Results and discussion

Conservation of genomic context and disruption of the MLN and MLNR genes in mouse and rat

Despite several attempts, previous investigators have failed to amplify a MLN gene transcript by reverse transcriptase (RT)-PCR in both mouse and rat, and it has been shown that exogenous MLN has no physiological or pharmacological effects in either of these species (Aerssens et al. 2004, Peeters et al. 2004). Our genomic searches identified single copies of MLN and MLNR gene-like sequences in the mouse and rat genomes (Fig. 1). We used comparative genomic analysis to confirm that these MLN and MLNR-like sequences were orthologous (i.e. same gene) to the characterized human MLN and MLNR genes. When the genomic context, i.e. gene content and gene order, was examined, it was found that orthologs of the genes 5′ and 3′ to the human MLN and MLNR genes could be identified in the rodent genes flanking the MLN and MLN-like sequences, suggesting that these genomic regions are largely conserved (Fig. 1).
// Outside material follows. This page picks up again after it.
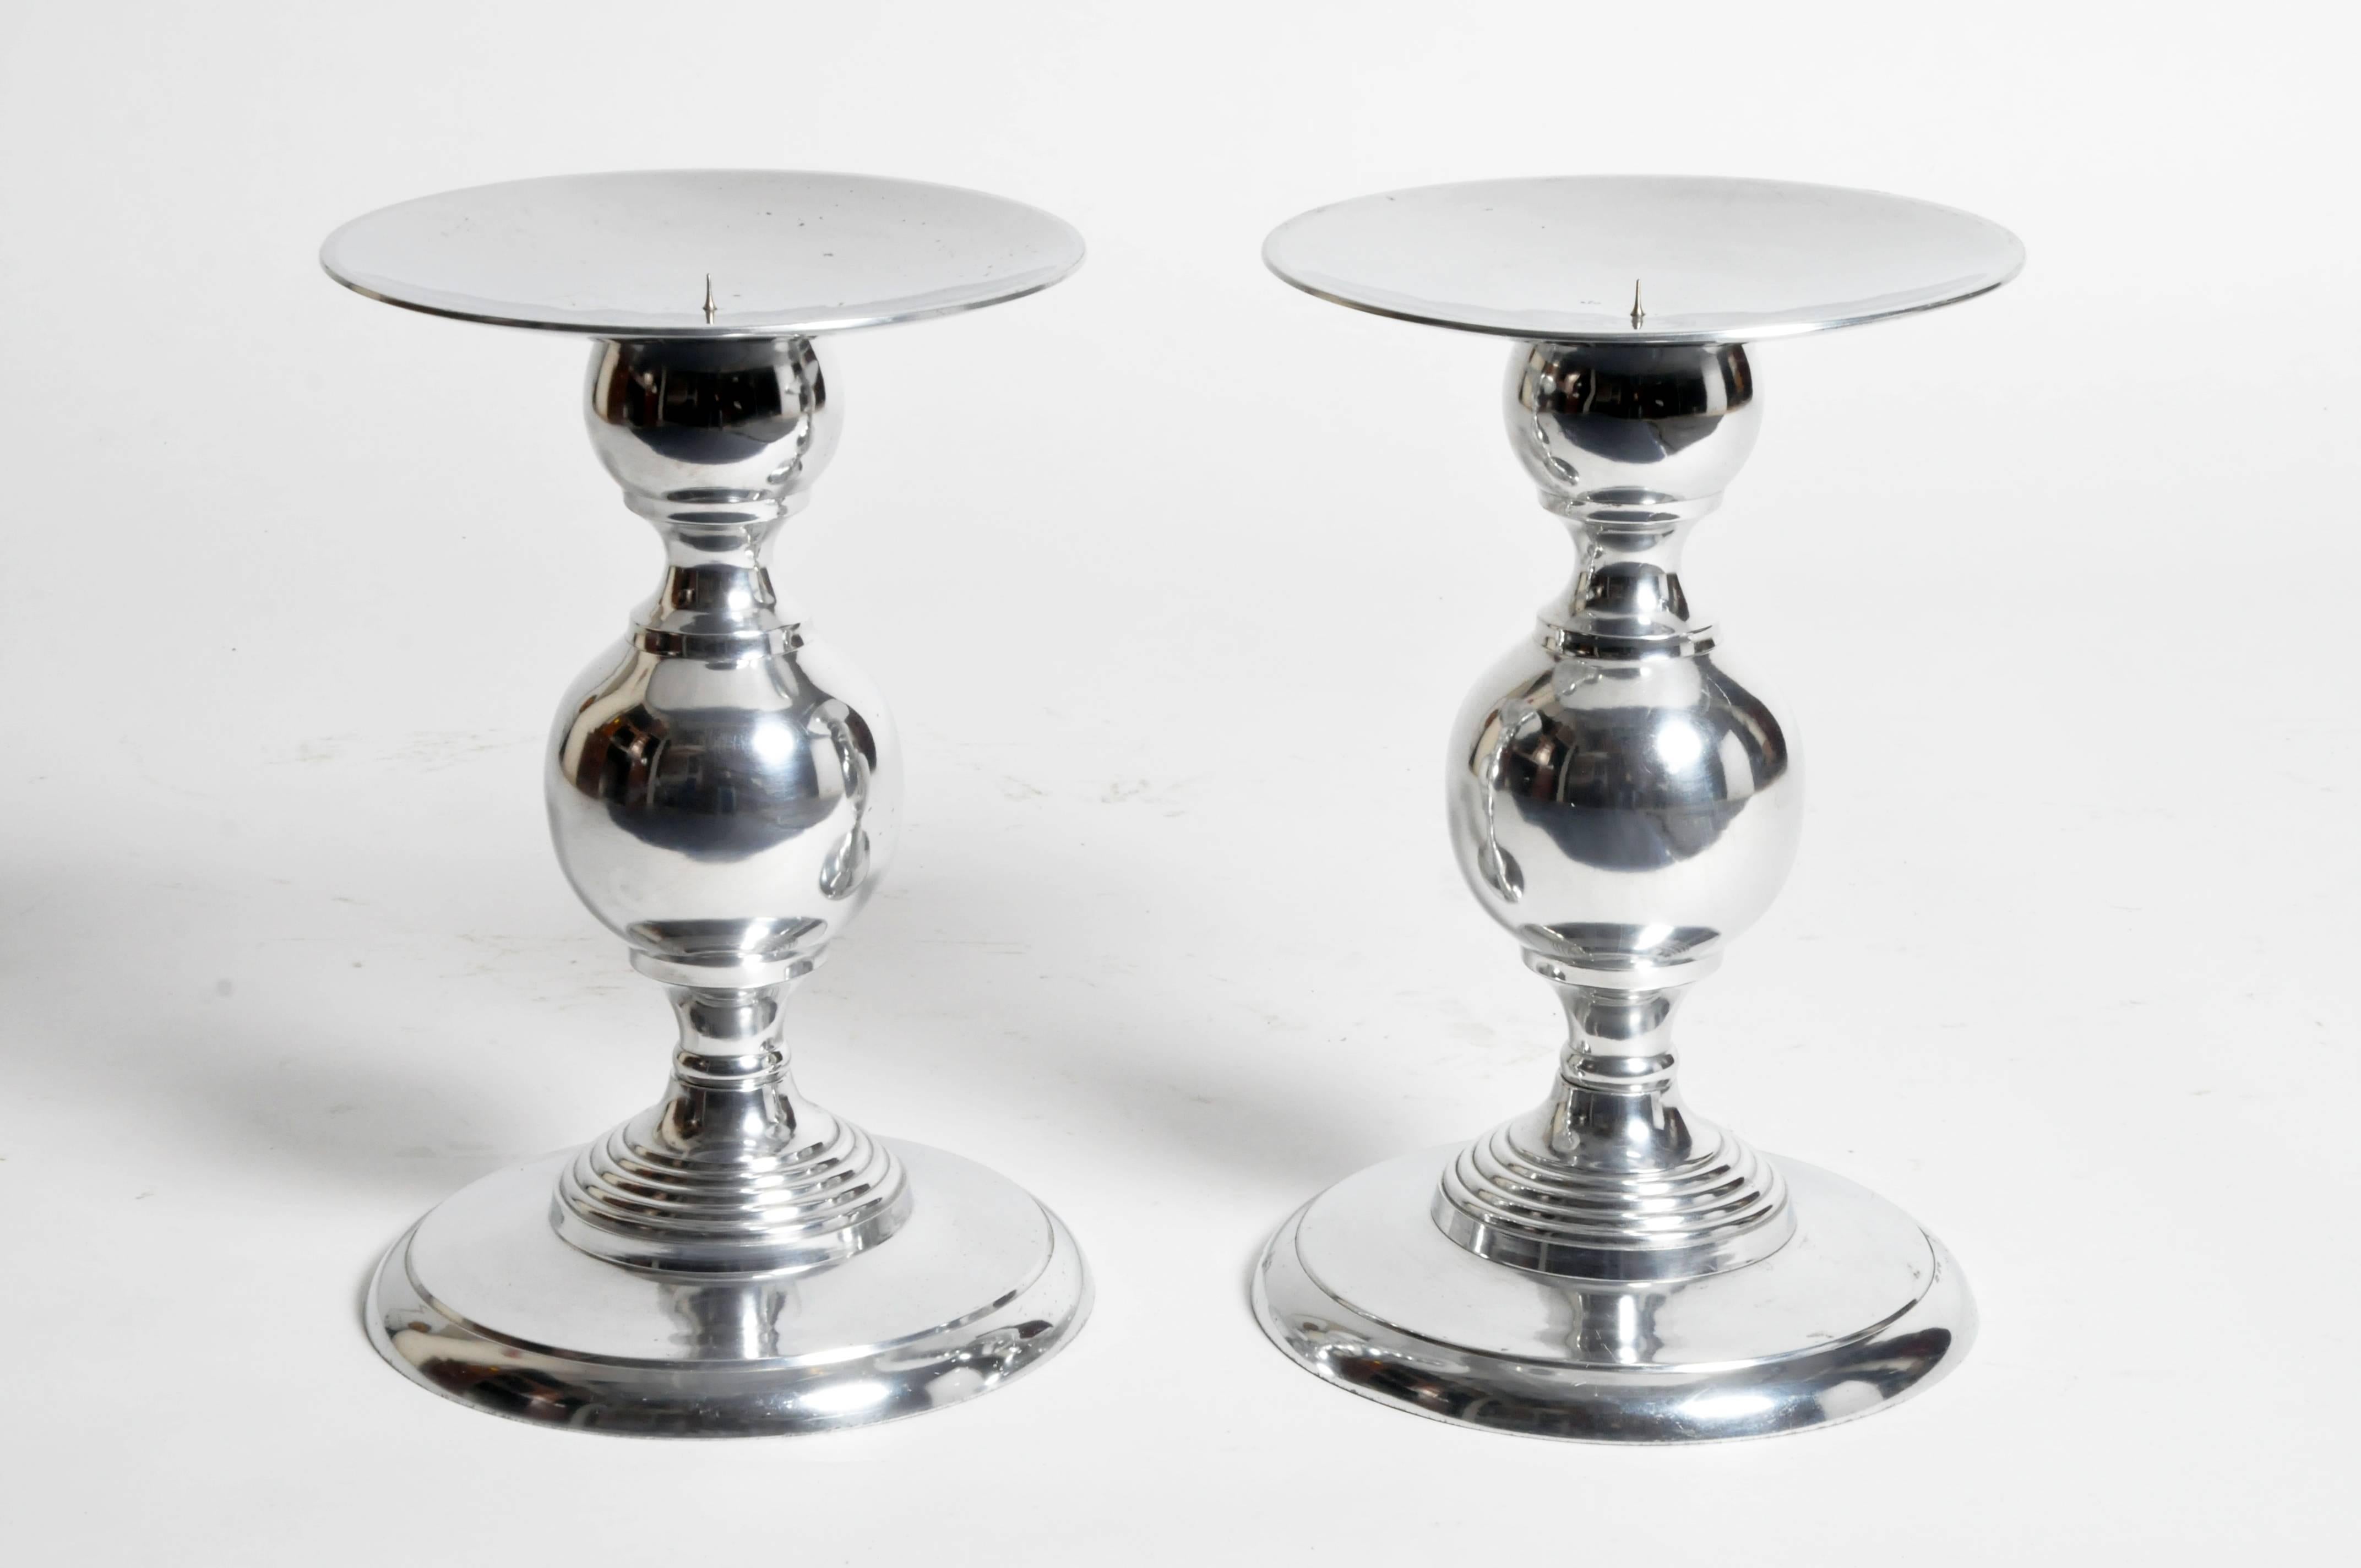 This elegant pair of candleholders are from Paris, France and they are newly made.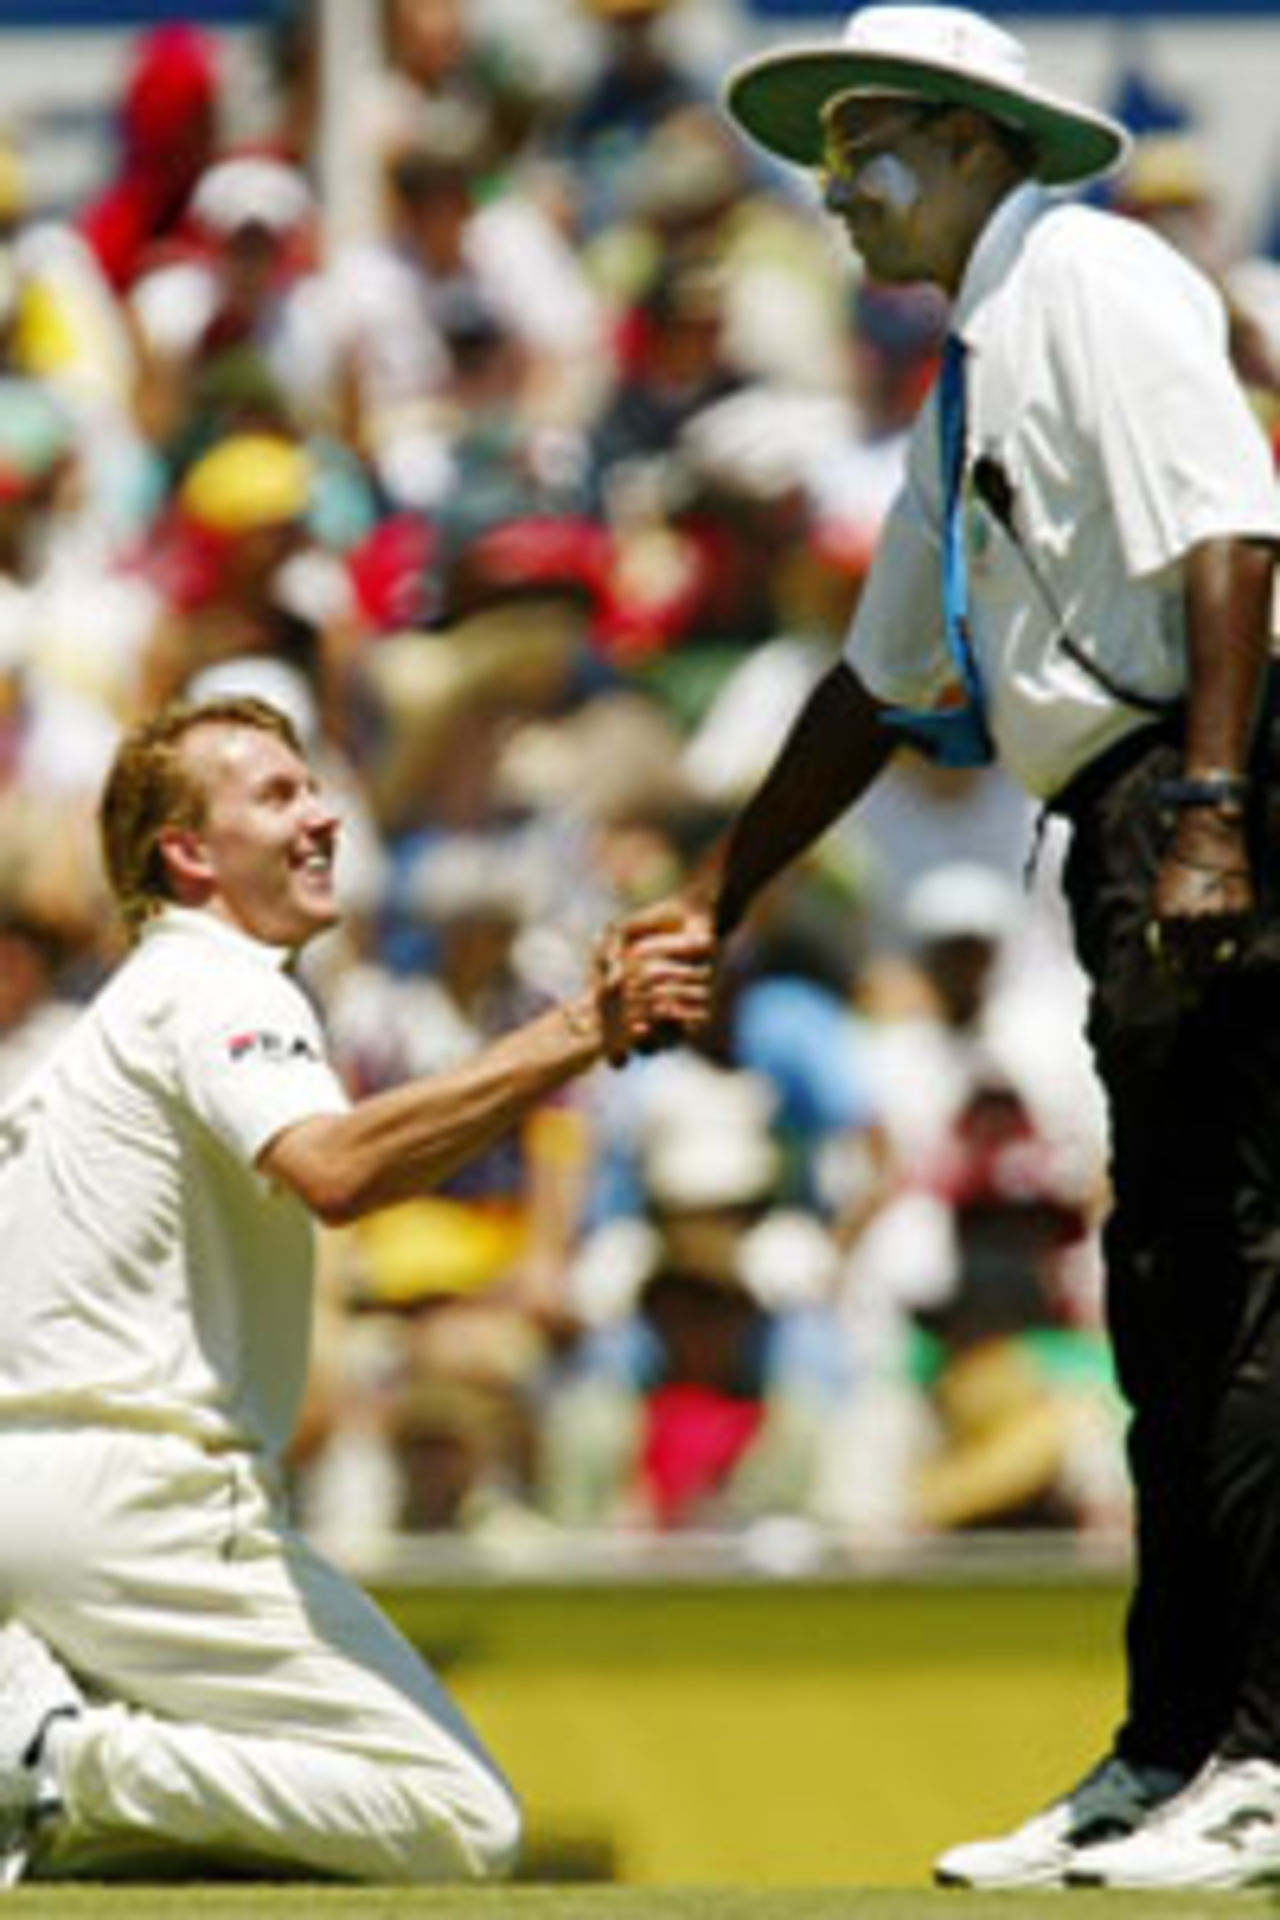 Australian paceman Brett Lee (L) is helped to his feet by umpire Steve Bucknor after being felled by a wayward throw on the second day of the fourth Test Match against India in Sydney, 03 January 2004. At tea, India was 495-3.

Thus, this analysis allowed us to identify vestiges of the MLN and MLNR genes, which are in an appropriate genomic context. In both mouse and rat, sequences with high similarity to exons 1, 2, and 3 of the human MLN gene were identified, but the genomic sequence appears to encode a pseudogene, as several frameshift indels prevent the prediction of an intact mature preproMLN (Fig. 2A). Using a similar approach, we identified degenerated copies of the mouse and rat MLNR genes, which are unable to predict intact ORFs (Fig. 1B). Our genomic analysis not only provides evidence that the genomes of both the mouse and the rat only contain remnants of the MLN and MLNR genes, all of which are nonfunctional, thus the mouse and rat are natural MLN and MLNR gene knockouts (Peeters 2005), but also demonstrates that mouse and rat MLN and MLNR genes were lost through independent mutations in existing genes and not by a disruptive chromosomal rearrangement deleting the genes, which potentially could have removed both genes in a single event.

Figure 1
Figure 1

The genomic neighborhoods of the MLN and MLNR genes in the human, mouse, rat, and chicken genomes. Syntenic alignments of the human, mouse, rat, and chicken genes near the human motilin (A, MLN) and motilin receptor (B, MLNR) genes are shown. Arrows indicate the direction of transcription for each gene. Dashed lines indicate the vestiges of the MLN and MLNR genes found in the rodent genomes. Gene sizes and intergenic spaces are not to scale. Similar genomic organizations were observed in opossum, cow, dog, macaque, tree shrew, rabbit, pika, squirrel, guinea pig, and kangaroo rat.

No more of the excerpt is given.